[Recorded data]

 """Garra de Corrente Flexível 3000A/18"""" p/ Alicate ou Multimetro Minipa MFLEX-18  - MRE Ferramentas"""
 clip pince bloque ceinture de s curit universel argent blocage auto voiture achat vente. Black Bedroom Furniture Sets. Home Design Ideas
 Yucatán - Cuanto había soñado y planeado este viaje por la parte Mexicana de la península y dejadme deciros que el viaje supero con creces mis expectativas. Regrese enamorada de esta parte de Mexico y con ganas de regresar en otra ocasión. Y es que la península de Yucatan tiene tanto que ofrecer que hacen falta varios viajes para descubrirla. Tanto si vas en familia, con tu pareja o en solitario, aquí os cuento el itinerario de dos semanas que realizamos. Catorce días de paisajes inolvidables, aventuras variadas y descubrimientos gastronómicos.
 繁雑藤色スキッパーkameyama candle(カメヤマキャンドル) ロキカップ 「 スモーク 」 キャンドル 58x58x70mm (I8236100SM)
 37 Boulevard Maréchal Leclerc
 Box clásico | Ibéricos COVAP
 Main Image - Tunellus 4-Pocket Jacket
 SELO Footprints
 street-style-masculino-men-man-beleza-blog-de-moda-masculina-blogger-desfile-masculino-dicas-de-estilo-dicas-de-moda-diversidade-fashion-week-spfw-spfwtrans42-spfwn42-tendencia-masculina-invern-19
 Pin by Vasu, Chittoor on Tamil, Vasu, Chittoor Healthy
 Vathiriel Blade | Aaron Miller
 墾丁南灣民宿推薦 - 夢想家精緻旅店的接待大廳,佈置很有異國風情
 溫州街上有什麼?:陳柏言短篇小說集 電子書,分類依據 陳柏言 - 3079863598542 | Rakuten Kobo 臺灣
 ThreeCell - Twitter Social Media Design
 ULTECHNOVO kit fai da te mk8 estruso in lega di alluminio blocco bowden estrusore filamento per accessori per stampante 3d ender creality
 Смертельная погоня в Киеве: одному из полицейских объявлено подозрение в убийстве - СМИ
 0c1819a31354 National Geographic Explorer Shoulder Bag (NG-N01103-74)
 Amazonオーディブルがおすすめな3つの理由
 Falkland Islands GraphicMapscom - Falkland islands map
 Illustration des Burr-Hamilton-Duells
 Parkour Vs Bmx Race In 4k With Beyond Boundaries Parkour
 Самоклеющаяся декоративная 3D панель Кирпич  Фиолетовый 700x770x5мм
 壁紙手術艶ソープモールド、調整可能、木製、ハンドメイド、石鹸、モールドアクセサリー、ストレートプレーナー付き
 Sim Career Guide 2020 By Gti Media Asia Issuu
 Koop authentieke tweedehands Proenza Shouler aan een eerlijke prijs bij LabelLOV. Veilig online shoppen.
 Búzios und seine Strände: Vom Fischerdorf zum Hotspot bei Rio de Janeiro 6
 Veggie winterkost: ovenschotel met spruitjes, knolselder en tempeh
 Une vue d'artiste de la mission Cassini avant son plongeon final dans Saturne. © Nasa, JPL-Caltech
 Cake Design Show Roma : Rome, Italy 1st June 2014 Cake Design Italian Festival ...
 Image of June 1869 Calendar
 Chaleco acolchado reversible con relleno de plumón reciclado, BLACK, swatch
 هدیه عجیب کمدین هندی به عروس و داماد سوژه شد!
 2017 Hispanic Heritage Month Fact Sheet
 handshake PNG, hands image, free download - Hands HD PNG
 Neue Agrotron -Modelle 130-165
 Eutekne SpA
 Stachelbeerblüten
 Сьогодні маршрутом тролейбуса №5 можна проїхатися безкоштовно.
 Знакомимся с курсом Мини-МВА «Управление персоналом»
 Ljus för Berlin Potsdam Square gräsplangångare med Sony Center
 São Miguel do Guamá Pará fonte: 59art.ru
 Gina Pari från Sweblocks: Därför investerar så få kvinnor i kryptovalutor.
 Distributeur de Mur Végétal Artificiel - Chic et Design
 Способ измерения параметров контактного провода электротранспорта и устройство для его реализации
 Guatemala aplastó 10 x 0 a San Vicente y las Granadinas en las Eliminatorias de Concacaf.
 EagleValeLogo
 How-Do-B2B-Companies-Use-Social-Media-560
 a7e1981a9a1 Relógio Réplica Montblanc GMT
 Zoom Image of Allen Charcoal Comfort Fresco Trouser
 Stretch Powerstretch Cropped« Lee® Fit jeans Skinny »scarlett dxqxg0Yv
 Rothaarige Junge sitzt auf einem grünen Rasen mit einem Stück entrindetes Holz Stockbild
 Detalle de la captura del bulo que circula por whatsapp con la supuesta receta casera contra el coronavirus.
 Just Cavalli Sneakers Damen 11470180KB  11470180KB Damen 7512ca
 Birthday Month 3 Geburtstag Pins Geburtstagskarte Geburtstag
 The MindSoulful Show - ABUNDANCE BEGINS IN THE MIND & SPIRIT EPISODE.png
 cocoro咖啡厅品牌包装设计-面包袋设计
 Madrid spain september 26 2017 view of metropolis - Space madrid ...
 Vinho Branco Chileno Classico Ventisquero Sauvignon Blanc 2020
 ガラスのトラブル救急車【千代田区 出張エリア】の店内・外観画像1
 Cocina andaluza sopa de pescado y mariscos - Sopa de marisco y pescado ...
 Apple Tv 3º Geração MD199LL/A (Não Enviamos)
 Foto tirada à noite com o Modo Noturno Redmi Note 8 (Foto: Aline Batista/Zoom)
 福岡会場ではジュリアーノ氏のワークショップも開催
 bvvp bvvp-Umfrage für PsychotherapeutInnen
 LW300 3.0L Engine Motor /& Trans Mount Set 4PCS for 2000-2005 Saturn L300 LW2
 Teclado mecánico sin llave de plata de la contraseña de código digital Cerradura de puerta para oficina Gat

[/Recorded data]

All entries should be restated word for word.

Response box
 """Garra de Corrente Flexível 3000A/18"""" p/ Alicate ou Multimetro Minipa MFLEX-18  - MRE Ferramentas"""
 clip pince bloque ceinture de s curit universel argent blocage auto voiture achat vente. Black Bedroom Furniture Sets. Home Design Ideas
 Yucatán - Cuanto había soñado y planeado este viaje por la parte Mexicana de la península y dejadme deciros que el viaje supero con creces mis expectativas. Regrese enamorada de esta parte de Mexico y con ganas de regresar en otra ocasión. Y es que la península de Yucatan tiene tanto que ofrecer que hacen falta varios viajes para descubrirla. Tanto si vas en familia, con tu pareja o en solitario, aquí os cuento el itinerario de dos semanas que realizamos. Catorce días de paisajes inolvidables, aventuras variadas y descubrimientos gastronómicos.
 繁雑藤色スキッパーkameyama candle(カメヤマキャンドル) ロキカップ 「 スモーク 」 キャンドル 58x58x70mm (I8236100SM)
 37 Boulevard Maréchal Leclerc
 Box clásico | Ibéricos COVAP
 Main Image - Tunellus 4-Pocket Jacket
 SELO Footprints
 street-style-masculino-men-man-beleza-blog-de-moda-masculina-blogger-desfile-masculino-dicas-de-estilo-dicas-de-moda-diversidade-fashion-week-spfw-spfwtrans42-spfwn42-tendencia-masculina-invern-19
 Pin by Vasu, Chittoor on Tamil, Vasu, Chittoor Healthy
 Vathiriel Blade | Aaron Miller
 墾丁南灣民宿推薦 - 夢想家精緻旅店的接待大廳,佈置很有異國風情
 溫州街上有什麼?:陳柏言短篇小說集 電子書,分類依據 陳柏言 - 3079863598542 | Rakuten Kobo 臺灣
 ThreeCell - Twitter Social Media Design
 ULTECHNOVO kit fai da te mk8 estruso in lega di alluminio blocco bowden estrusore filamento per accessori per stampante 3d ender creality
 Смертельная погоня в Киеве: одному из полицейских объявлено подозрение в убийстве - СМИ
 0c1819a31354 National Geographic Explorer Shoulder Bag (NG-N01103-74)
 Amazonオーディブルがおすすめな3つの理由
 Falkland Islands GraphicMapscom - Falkland islands map
 Illustration des Burr-Hamilton-Duells
 Parkour Vs Bmx Race In 4k With Beyond Boundaries Parkour
 Самоклеющаяся декоративная 3D панель Кирпич  Фиолетовый 700x770x5мм
 壁紙手術艶ソープモールド、調整可能、木製、ハンドメイド、石鹸、モールドアクセサリー、ストレートプレーナー付き
 Sim Career Guide 2020 By Gti Media Asia Issuu
 Koop authentieke tweedehands Proenza Shouler aan een eerlijke prijs bij LabelLOV. Veilig online shoppen.
 Búzios und seine Strände: Vom Fischerdorf zum Hotspot bei Rio de Janeiro 6
 Veggie winterkost: ovenschotel met spruitjes, knolselder en tempeh
 Une vue d'artiste de la mission Cassini avant son plongeon final dans Saturne. © Nasa, JPL-Caltech
 Cake Design Show Roma : Rome, Italy 1st June 2014 Cake Design Italian Festival ...
 Image of June 1869 Calendar
 Chaleco acolchado reversible con relleno de plumón reciclado, BLACK, swatch
 هدیه عجیب کمدین هندی به عروس و داماد سوژه شد!
 2017 Hispanic Heritage Month Fact Sheet
 handshake PNG, hands image, free download - Hands HD PNG
 Neue Agrotron -Modelle 130-165
 Eutekne SpA
 Stachelbeerblüten
 Сьогодні маршрутом тролейбуса №5 можна проїхатися безкоштовно.
 Знакомимся с курсом Мини-МВА «Управление персоналом»
 Ljus för Berlin Potsdam Square gräsplangångare med Sony Center
 São Miguel do Guamá Pará fonte: 59art.ru
 Gina Pari från Sweblocks: Därför investerar så få kvinnor i kryptovalutor.
 Distributeur de Mur Végétal Artificiel - Chic et Design
 Способ измерения параметров контактного провода электротранспорта и устройство для его реализации
 Guatemala aplastó 10 x 0 a San Vicente y las Granadinas en las Eliminatorias de Concacaf.
 EagleValeLogo
 How-Do-B2B-Companies-Use-Social-Media-560
 a7e1981a9a1 Relógio Réplica Montblanc GMT
 Zoom Image of Allen Charcoal Comfort Fresco Trouser
 Stretch Powerstretch Cropped« Lee® Fit jeans Skinny »scarlett dxqxg0Yv
 Rothaarige Junge sitzt auf einem grünen Rasen mit einem Stück entrindetes Holz Stockbild
 Detalle de la captura del bulo que circula por whatsapp con la supuesta receta casera contra el coronavirus.
 Just Cavalli Sneakers Damen 11470180KB  11470180KB Damen 7512ca
 Birthday Month 3 Geburtstag Pins Geburtstagskarte Geburtstag
 The MindSoulful Show - ABUNDANCE BEGINS IN THE MIND & SPIRIT EPISODE.png
 cocoro咖啡厅品牌包装设计-面包袋设计
 Madrid spain september 26 2017 view of metropolis - Space madrid ...
 Vinho Branco Chileno Classico Ventisquero Sauvignon Blanc 2020
 ガラスのトラブル救急車【千代田区 出張エリア】の店内・外観画像1
 Cocina andaluza sopa de pescado y mariscos - Sopa de marisco y pescado ...
 Apple Tv 3º Geração MD199LL/A (Não Enviamos)
 Foto tirada à noite com o Modo Noturno Redmi Note 8 (Foto: Aline Batista/Zoom)
 福岡会場ではジュリアーノ氏のワークショップも開催
 bvvp bvvp-Umfrage für PsychotherapeutInnen
 LW300 3.0L Engine Motor /& Trans Mount Set 4PCS for 2000-2005 Saturn L300 LW2
 Teclado mecánico sin llave de plata de la contraseña de código digital Cerradura de puerta para oficina Gat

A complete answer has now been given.